Based on Monday's lack of bearish follow, shorter timeframe traders will likely be stalking one- to two-day bounces in names still holding above recent support levels or higher timeframe moving averages. Those not scalping over a short timeframe, however, are apt to sit on their hands and await slightly higher prices to sell into.
A few well-known names trading near support to keep an eye on are Alphabet (GOOGL) above $900, Amazon (AMZN) above $950, Nvidia (NVDA) and Netflix (NFLX) as long as price remains above the 50-day moving average (MA, roughly $159), and Baidu (BIDU) as long as it remains above its 20-day MA. (Alphabet and Nvidia are part of TheStreet's Action Alerts PLUS portfolio.)
Yelp's chart is fairly straightforward. While some may be comfortable picking up shares within the $40.70 to $43.40 consolidation zone, my preference would be to wait for a break above $43.40. And as far as Paycom's chart is concerned, I'd be interested in trading the stock long as it breaks above $71.80 to $72.
The bottom line is that while the major index futures appear a bit precarious and numerous past momentum stocks have begun to display weakness, I believe a short bounce is in the cards. That said, I wouldn't getting married to my positions and I'd have hard stops in place in case any bounce gets immediately faded.

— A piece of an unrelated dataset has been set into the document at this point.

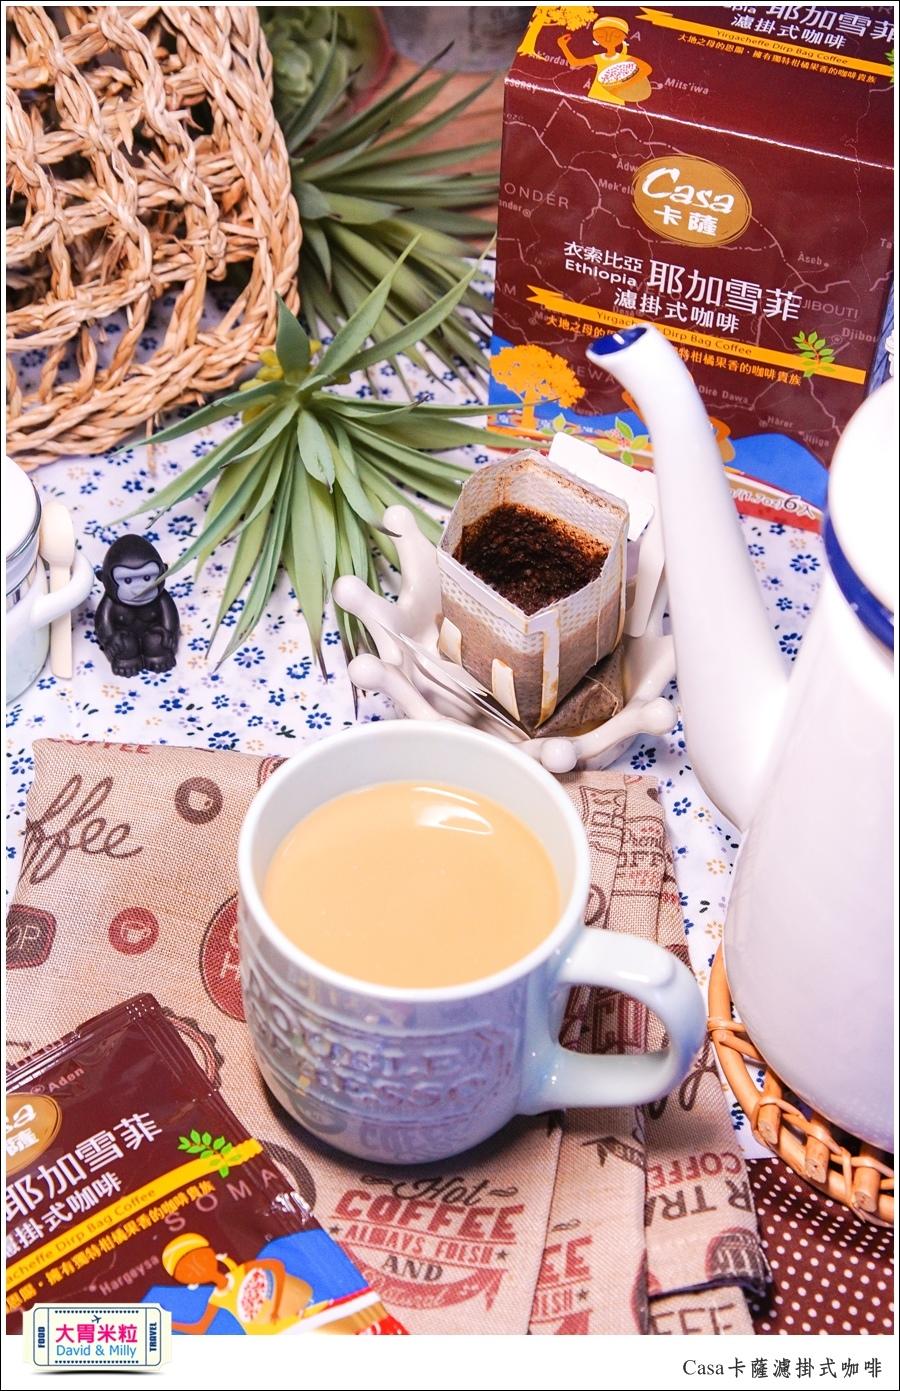 CASA卡薩濾掛式咖啡推薦-耶加雪菲咖啡@大胃米粒0019.jpg

Moving on to Tuesday's Es auction, we'll begin the day using 2424.50 to 2425.25 as our day timeframe pivot. As long as we're trading above that area, our baseline expectation will be for a drive into the low 2430s, followed by at least a half-hearted attempt to test levels around 2437.50. If demand increases as price is advertised above 2437.50, 2445 to 2447 becomes our next upside target, but that's as far as I'd expect any bounce to extend. Put another way, we'll look to fade a rally into the mid- to upper 2440s.
A bearish gap beneath 2424.50 encourages sellers to remain active, as they focus their efforts on auctioning prices toward 2417 and 2410.25 to 2411.75. As discussed in recent notes, we'll look for any test and/or break beneath 2400 to trigger a more pronounced response from dip buyers.